- [Your goal]: Without its pictures, the listing below is to be transcribed exactly.

- [Supplied information]:
┏━━
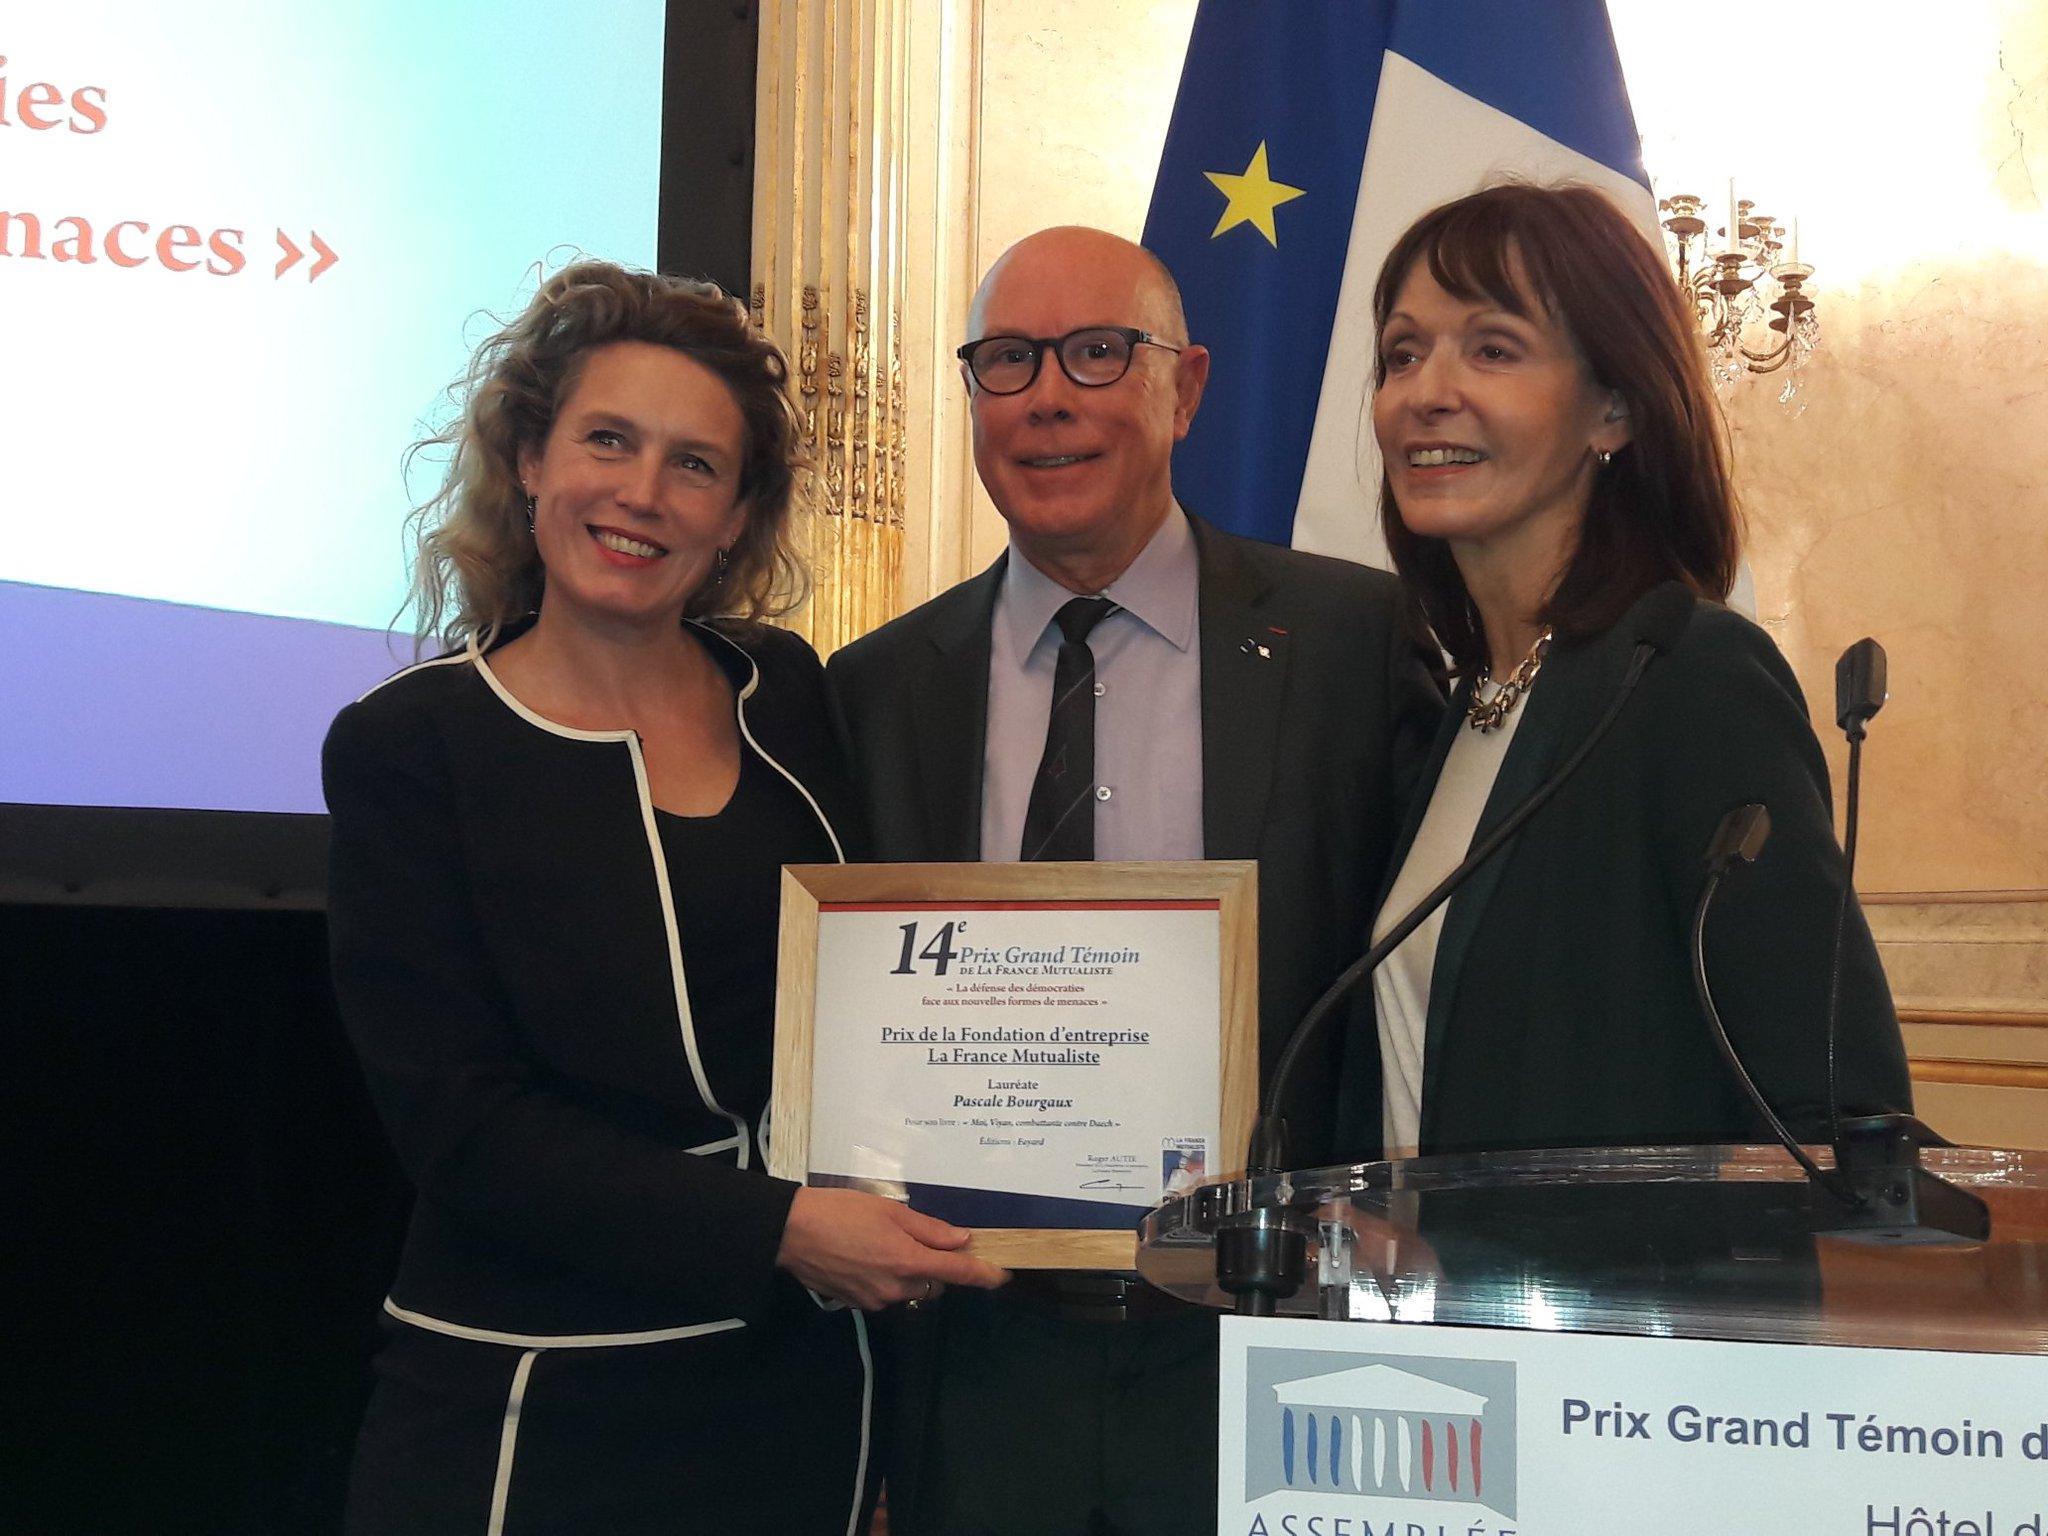 #prixgrandtemoin  Pascale Bourgaux,  Prix de la Fondation LFM avec Patricia Allemoniere TF1 membre du Jury @PALLEMON https://t.co/VedQ6GyiVb
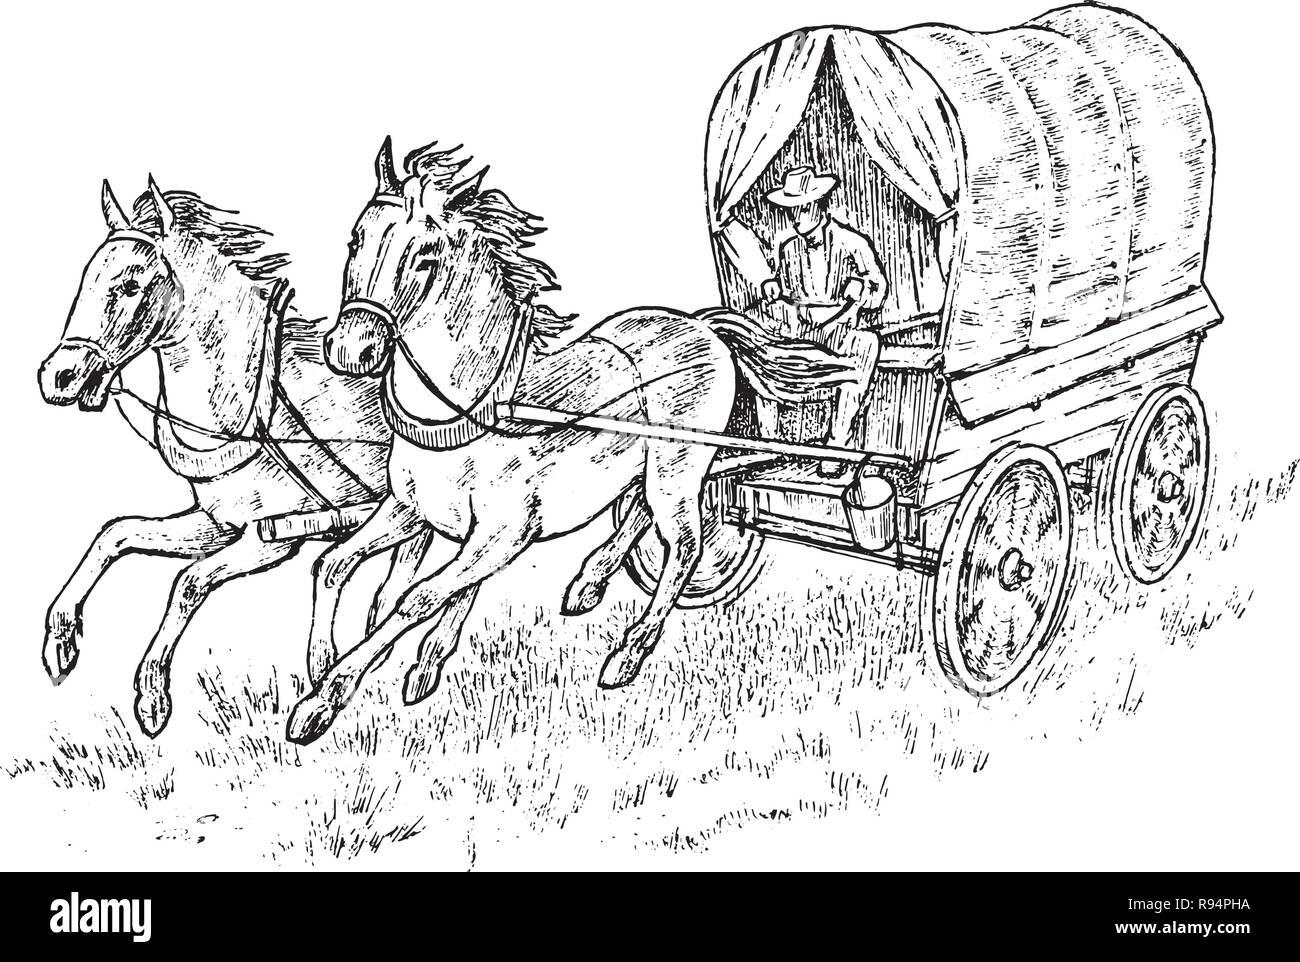 Cowboy en el carro. Vintage arnés de caballo o alguacil del carro. Western  rodeo 579871ef7e8
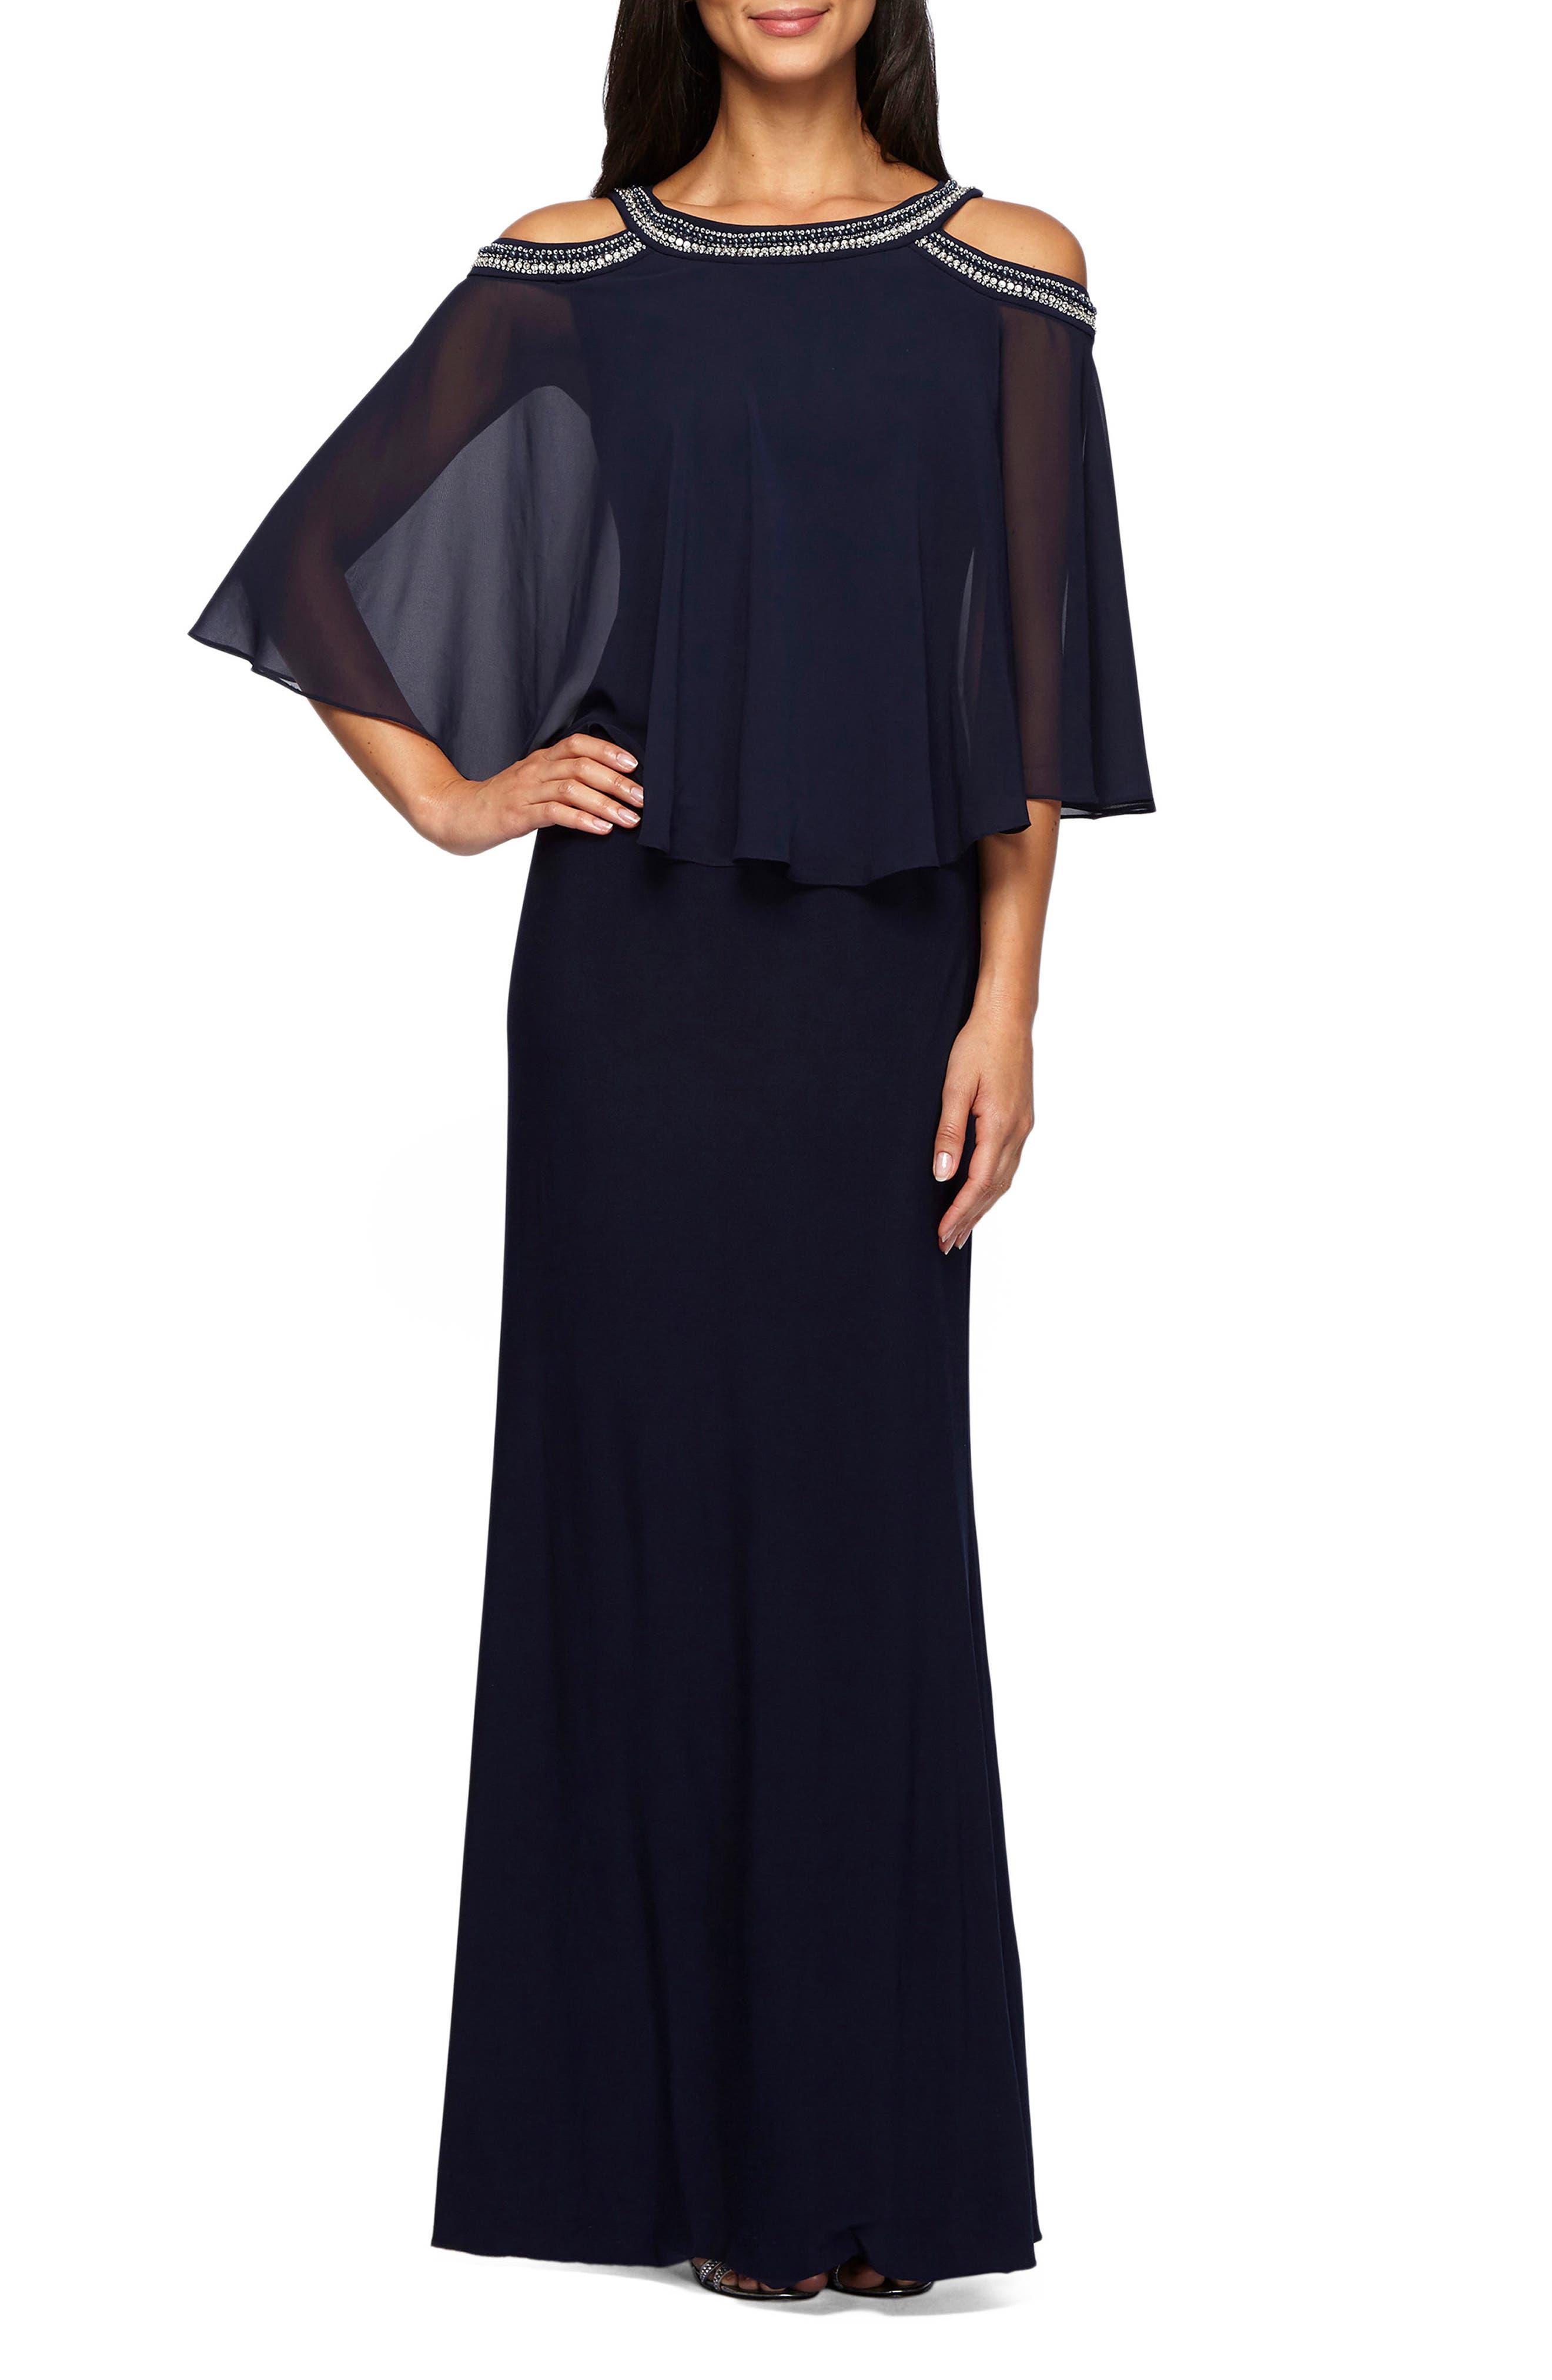 70s Prom, Formal, Evening, Party Dresses Womens Alex Evenings Cold Shoulder Popover Dress Size 16 - Blue $209.00 AT vintagedancer.com
┗━━
- [Written response]:
 #prixgrandtemoin  Pascale Bourgaux,  Prix de la Fondation LFM avec Patricia Allemoniere TF1 membre du Jury @PALLEMON https://t.co/VedQ6GyiVb
 Cowboy en el carro. Vintage arnés de caballo o alguacil del carro. Western  rodeo 579871ef7e8
 70s Prom, Formal, Evening, Party Dresses Womens Alex Evenings Cold Shoulder Popover Dress Size 16 - Blue $209.00 AT vintagedancer.com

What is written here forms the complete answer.